**TASK BRIEF**
Quote exactly the lines from the one with "Recuerden utilizar el" to the end of the data, both included; omit the pictures.

Top of AVAILABLE DATA

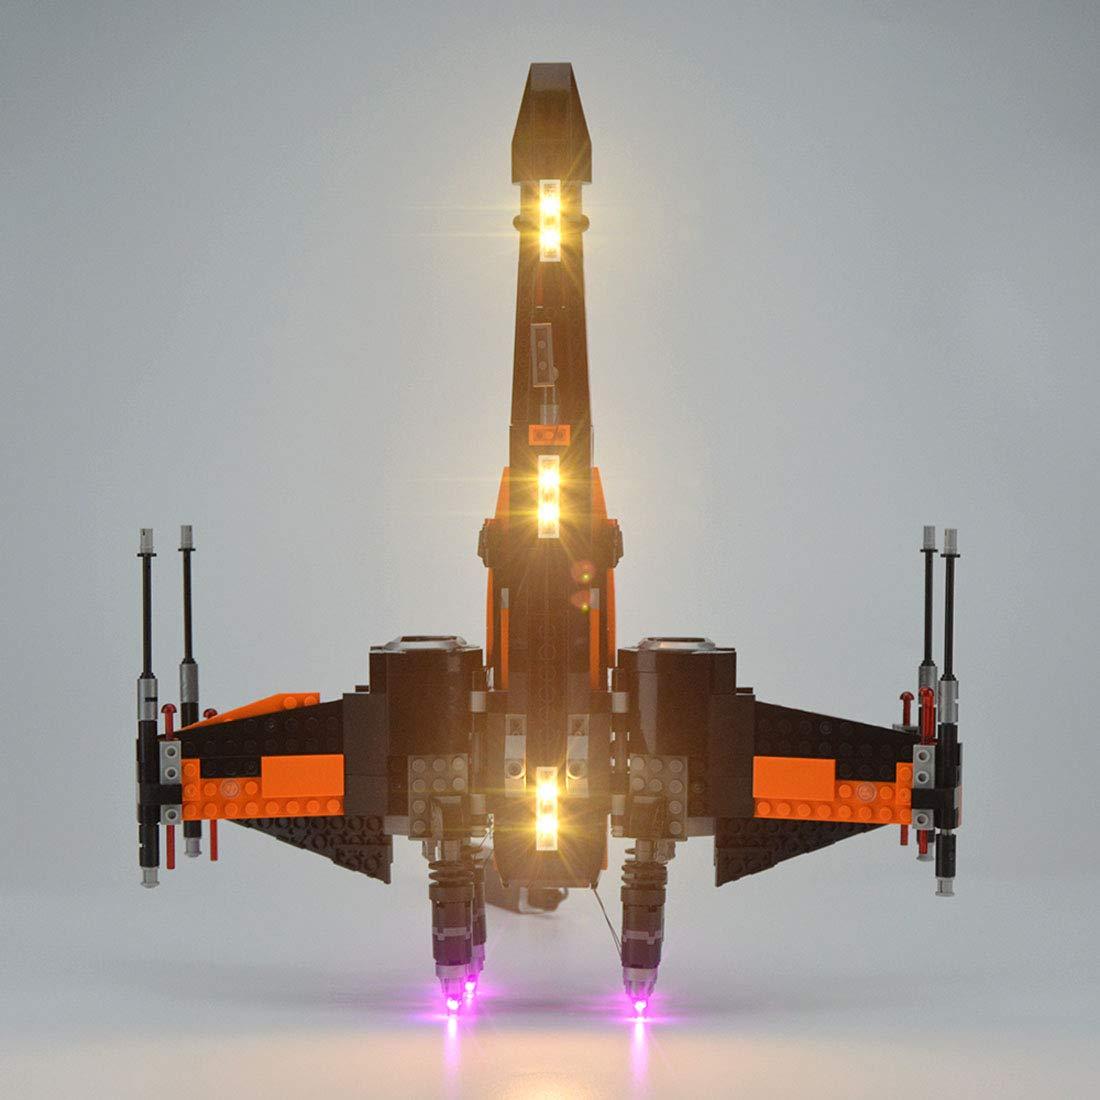 TLJ Poe's X-Wing Fighter Lighting Lego set 4
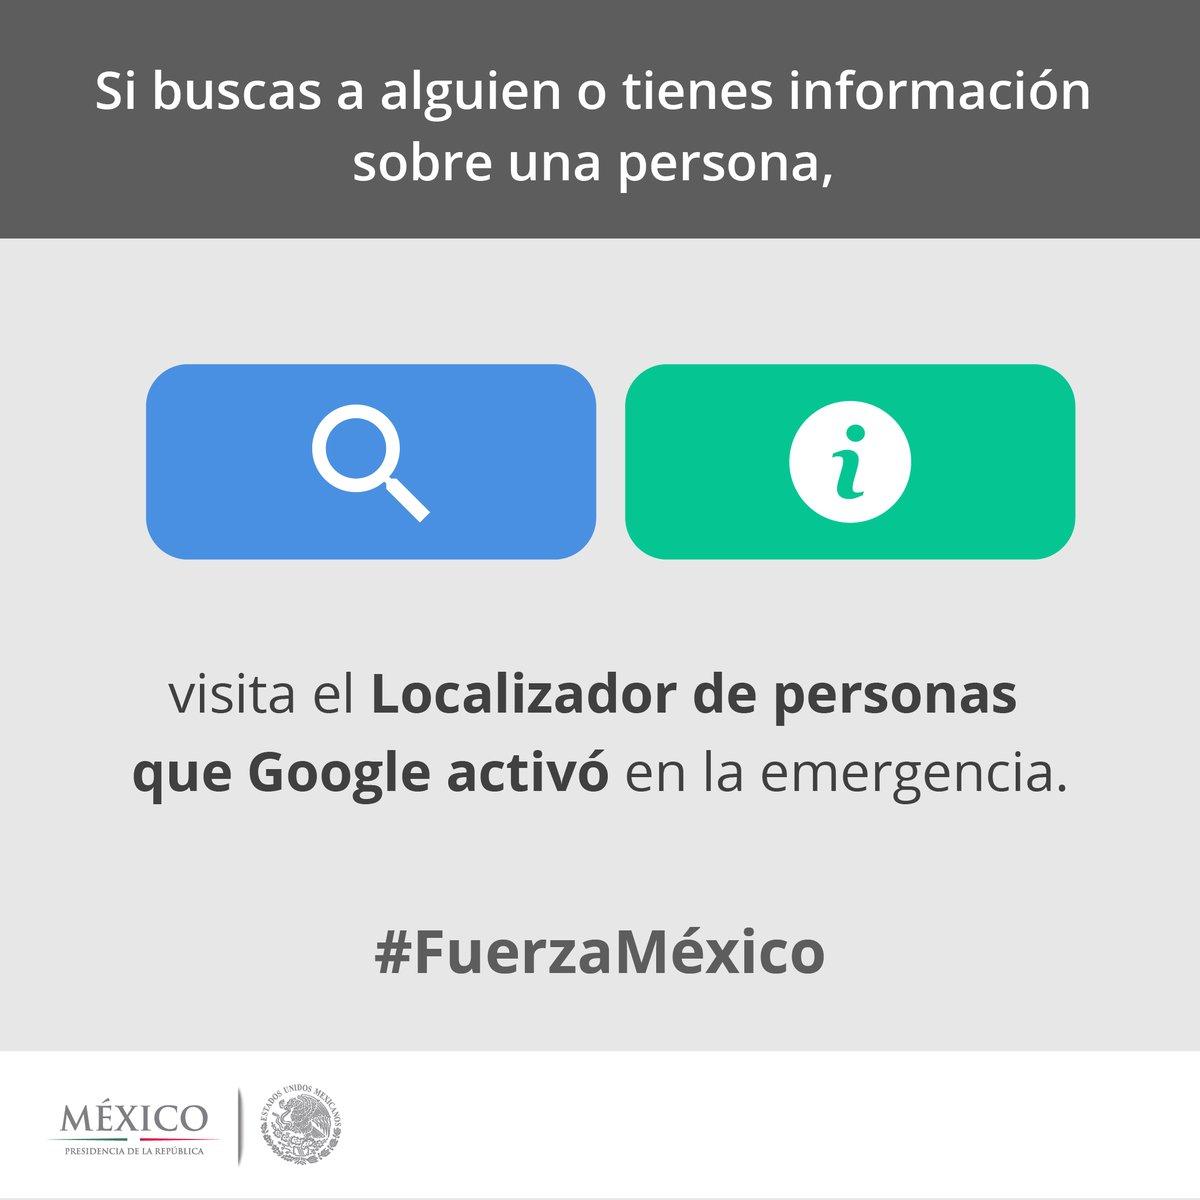 Recuerden utilizar el localizador de personas de Google: https://t.co/0OYe9NWxy0  #SismoMX https://t.co/I7Tii2lkHW
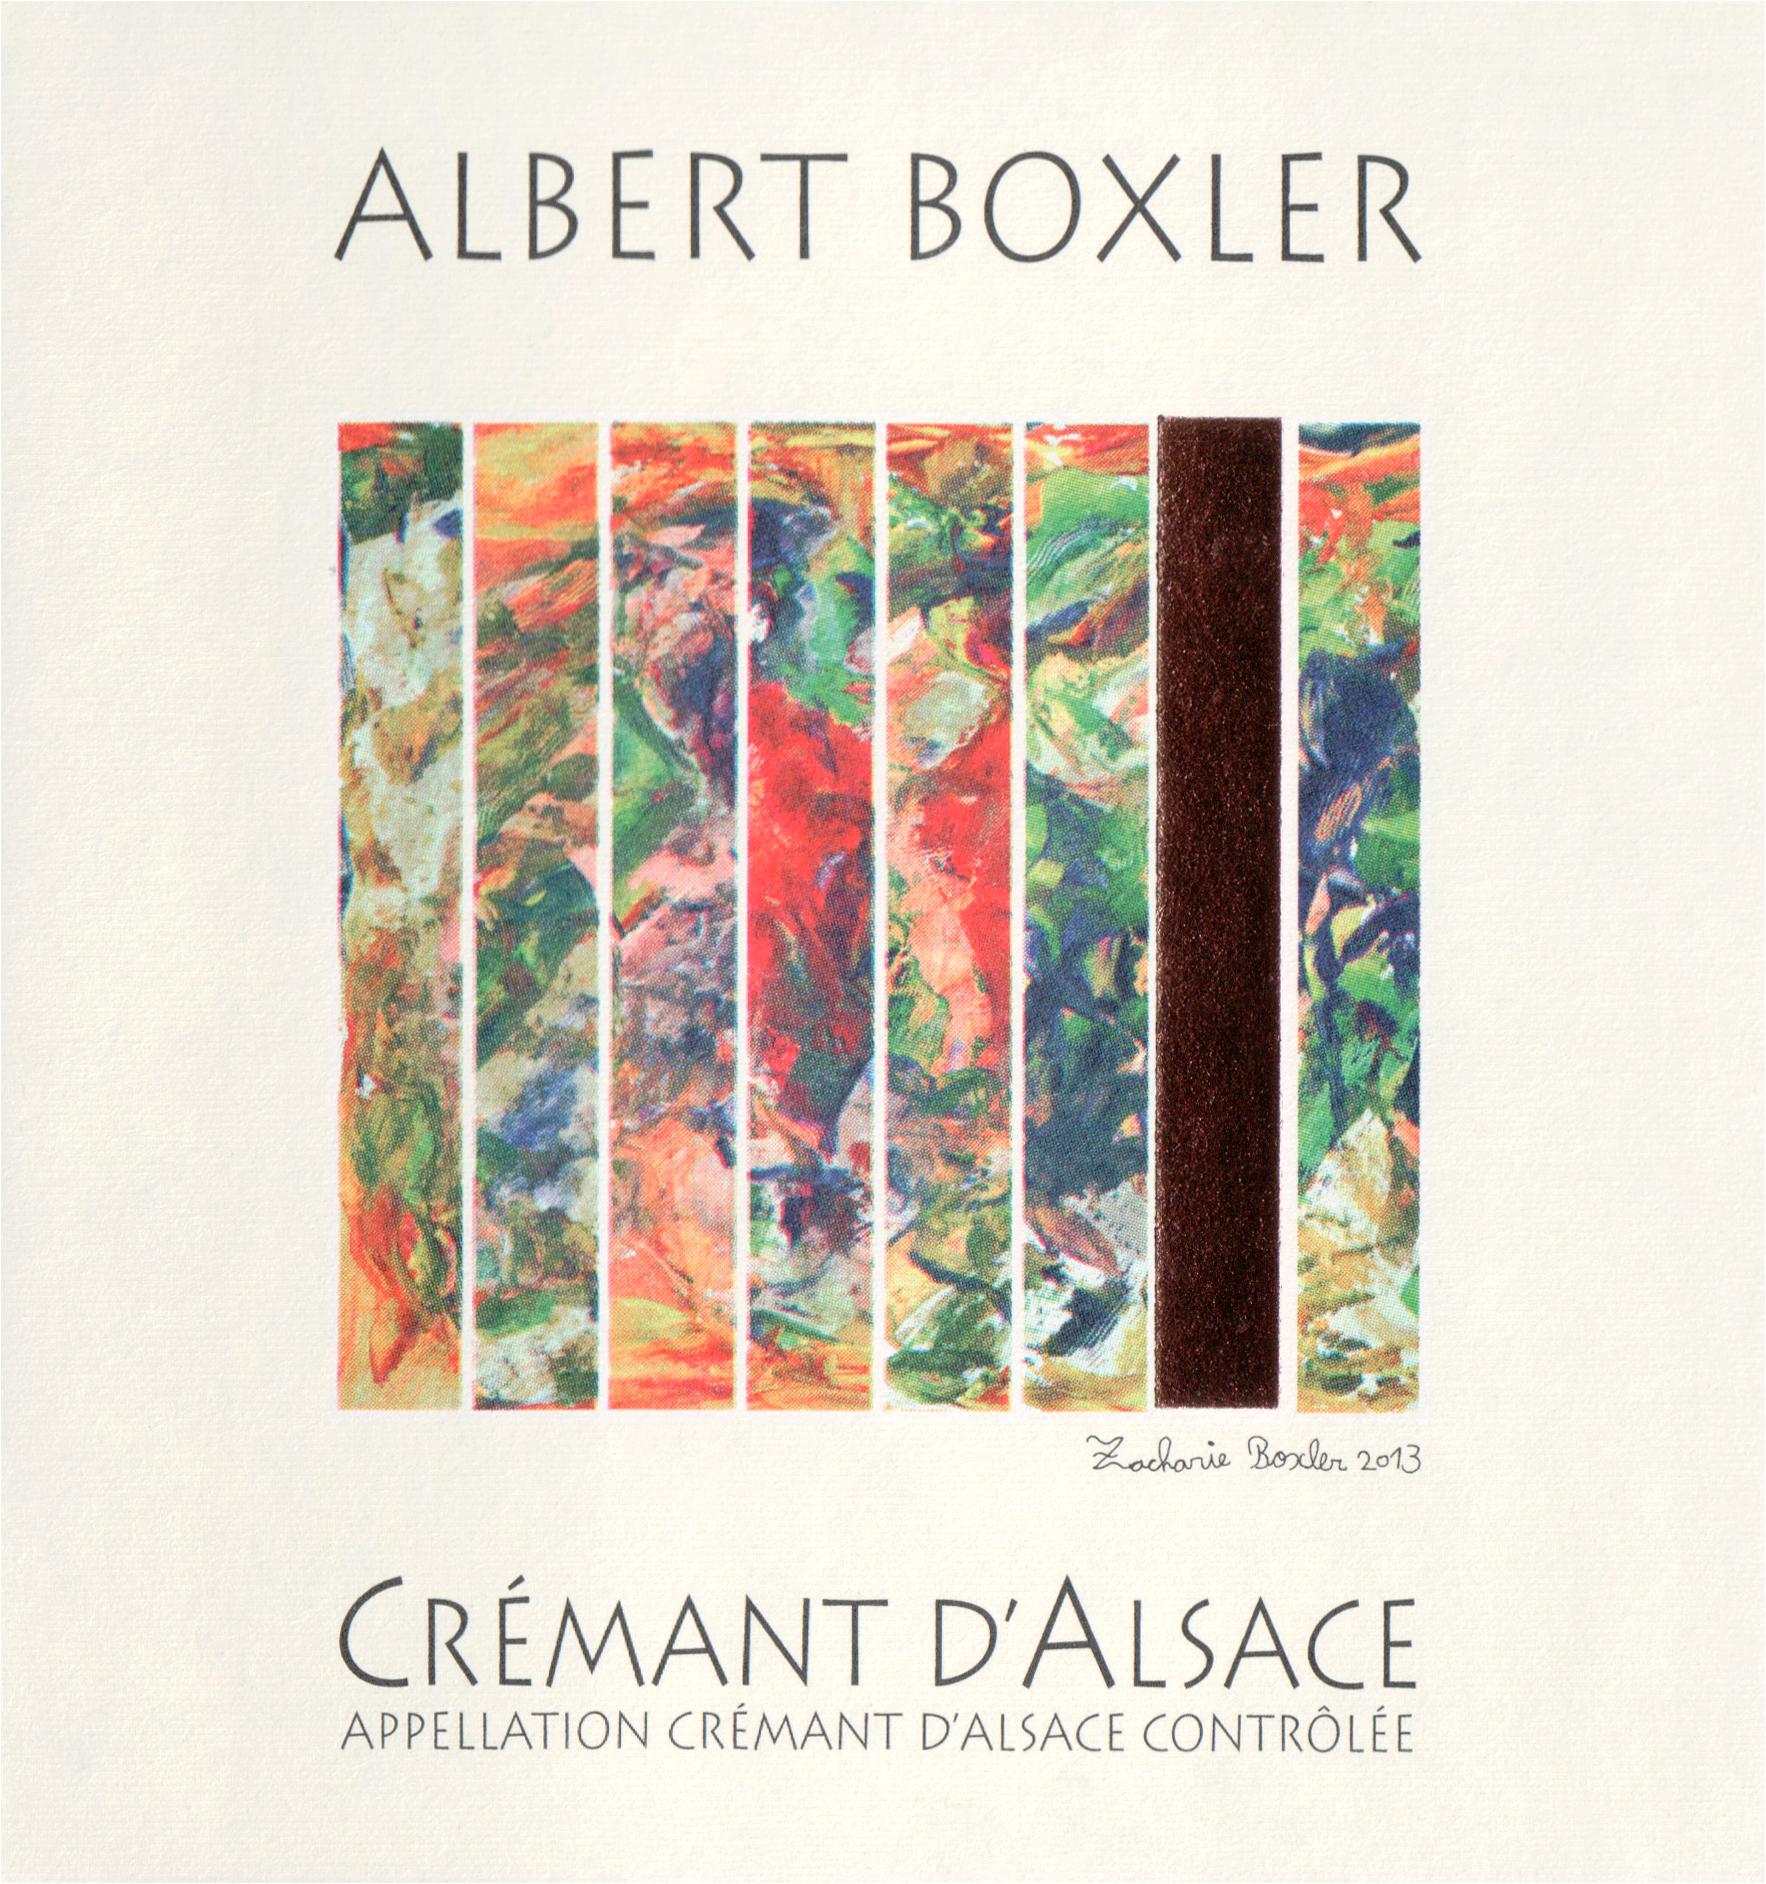 Albert Boxler Cremant D

Bottom of AVAILABLE DATA

**COMPLETED EXERCISE**
 Recuerden utilizar el localizador de personas de Google: https://t.co/0OYe9NWxy0  #SismoMX https://t.co/I7Tii2lkHW
 Albert Boxler Cremant D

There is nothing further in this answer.